STORED DATA Start Marker
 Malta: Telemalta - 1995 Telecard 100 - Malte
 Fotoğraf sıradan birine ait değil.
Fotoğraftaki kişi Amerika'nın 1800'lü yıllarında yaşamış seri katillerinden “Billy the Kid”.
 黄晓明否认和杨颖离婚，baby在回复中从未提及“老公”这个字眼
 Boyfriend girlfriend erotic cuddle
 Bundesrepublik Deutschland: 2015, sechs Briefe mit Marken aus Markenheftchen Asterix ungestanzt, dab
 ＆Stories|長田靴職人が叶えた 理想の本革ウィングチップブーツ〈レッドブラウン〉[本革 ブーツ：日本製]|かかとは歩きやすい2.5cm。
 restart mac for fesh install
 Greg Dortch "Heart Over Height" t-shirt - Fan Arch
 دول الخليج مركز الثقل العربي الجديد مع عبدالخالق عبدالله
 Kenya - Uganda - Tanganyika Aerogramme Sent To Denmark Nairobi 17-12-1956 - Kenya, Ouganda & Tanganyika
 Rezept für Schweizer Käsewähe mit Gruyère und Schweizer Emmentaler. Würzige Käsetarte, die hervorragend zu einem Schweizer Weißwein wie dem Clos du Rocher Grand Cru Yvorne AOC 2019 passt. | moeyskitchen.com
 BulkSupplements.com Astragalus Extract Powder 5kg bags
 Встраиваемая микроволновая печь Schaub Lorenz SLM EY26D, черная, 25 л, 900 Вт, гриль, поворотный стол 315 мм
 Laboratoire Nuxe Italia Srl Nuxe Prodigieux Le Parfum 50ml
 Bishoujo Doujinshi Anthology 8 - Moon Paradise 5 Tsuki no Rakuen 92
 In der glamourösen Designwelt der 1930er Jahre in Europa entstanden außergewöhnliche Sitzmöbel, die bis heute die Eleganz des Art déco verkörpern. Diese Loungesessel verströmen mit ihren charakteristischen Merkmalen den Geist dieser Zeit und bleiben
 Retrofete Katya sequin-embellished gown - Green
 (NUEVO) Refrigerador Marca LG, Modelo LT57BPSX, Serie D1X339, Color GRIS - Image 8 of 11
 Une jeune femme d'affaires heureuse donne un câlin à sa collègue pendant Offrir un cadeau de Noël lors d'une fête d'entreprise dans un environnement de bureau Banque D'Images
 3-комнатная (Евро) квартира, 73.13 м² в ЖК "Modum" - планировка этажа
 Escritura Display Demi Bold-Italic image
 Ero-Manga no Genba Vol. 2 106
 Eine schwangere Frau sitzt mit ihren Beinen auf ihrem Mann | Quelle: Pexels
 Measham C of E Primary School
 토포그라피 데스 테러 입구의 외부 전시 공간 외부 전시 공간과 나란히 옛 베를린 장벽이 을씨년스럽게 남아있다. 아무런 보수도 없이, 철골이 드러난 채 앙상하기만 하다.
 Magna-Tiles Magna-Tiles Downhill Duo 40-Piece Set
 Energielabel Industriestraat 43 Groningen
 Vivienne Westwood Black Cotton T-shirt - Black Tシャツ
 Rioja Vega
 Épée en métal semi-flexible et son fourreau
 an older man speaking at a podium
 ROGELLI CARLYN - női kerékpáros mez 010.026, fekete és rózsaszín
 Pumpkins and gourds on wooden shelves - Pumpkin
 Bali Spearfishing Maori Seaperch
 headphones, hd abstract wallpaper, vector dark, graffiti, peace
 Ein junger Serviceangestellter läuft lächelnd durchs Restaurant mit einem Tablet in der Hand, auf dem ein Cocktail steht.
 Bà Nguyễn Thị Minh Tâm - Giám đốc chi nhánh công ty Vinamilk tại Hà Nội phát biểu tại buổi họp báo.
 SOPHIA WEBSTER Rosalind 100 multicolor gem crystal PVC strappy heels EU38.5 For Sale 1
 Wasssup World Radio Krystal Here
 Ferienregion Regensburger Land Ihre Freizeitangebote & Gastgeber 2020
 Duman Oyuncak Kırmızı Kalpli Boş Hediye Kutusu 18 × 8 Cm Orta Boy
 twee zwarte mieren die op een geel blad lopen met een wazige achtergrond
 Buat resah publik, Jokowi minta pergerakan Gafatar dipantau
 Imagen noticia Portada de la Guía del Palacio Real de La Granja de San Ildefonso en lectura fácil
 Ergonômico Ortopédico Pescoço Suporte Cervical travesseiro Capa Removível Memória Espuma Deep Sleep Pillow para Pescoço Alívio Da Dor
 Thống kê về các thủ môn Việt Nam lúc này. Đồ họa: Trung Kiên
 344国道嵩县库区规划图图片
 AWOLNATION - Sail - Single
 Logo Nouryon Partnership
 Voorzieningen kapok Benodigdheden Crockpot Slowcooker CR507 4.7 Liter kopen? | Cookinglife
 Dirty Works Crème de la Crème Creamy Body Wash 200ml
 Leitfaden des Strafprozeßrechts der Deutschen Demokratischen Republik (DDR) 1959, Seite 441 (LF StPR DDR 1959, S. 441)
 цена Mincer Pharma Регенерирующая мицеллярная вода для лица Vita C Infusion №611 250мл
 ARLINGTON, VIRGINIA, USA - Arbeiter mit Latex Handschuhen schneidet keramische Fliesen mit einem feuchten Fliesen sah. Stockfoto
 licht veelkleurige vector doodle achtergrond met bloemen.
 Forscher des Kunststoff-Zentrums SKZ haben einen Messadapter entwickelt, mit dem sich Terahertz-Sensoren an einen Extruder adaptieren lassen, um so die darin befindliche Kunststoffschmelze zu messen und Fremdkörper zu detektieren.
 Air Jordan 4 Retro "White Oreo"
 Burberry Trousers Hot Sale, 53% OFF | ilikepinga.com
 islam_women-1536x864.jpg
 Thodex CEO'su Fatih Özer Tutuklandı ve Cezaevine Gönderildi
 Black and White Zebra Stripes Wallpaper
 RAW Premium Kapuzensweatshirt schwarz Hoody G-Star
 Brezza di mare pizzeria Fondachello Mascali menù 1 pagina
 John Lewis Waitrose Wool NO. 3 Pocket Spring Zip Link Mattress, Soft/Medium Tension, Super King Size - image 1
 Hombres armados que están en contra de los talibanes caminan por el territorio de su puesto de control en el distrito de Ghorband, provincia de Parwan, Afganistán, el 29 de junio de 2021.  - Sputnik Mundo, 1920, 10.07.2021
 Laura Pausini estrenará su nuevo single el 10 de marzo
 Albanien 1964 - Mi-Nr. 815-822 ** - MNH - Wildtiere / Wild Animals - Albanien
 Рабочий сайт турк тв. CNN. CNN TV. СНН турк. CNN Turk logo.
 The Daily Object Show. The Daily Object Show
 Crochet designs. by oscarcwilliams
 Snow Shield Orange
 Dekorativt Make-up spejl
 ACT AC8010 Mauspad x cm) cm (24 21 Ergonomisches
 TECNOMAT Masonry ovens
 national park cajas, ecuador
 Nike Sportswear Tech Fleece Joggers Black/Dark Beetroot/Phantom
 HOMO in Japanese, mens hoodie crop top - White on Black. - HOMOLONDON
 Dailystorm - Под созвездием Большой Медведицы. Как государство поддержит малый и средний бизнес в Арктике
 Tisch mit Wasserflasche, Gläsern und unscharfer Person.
STORED DATA End Marker
(YOUR ASSIGNMENT)
Write out each line above containing "White".

(ANSWER FOR THE TASK)
 Air Jordan 4 Retro "White Oreo"
 Black and White Zebra Stripes Wallpaper
 HOMO in Japanese, mens hoodie crop top - White on Black. - HOMOLONDON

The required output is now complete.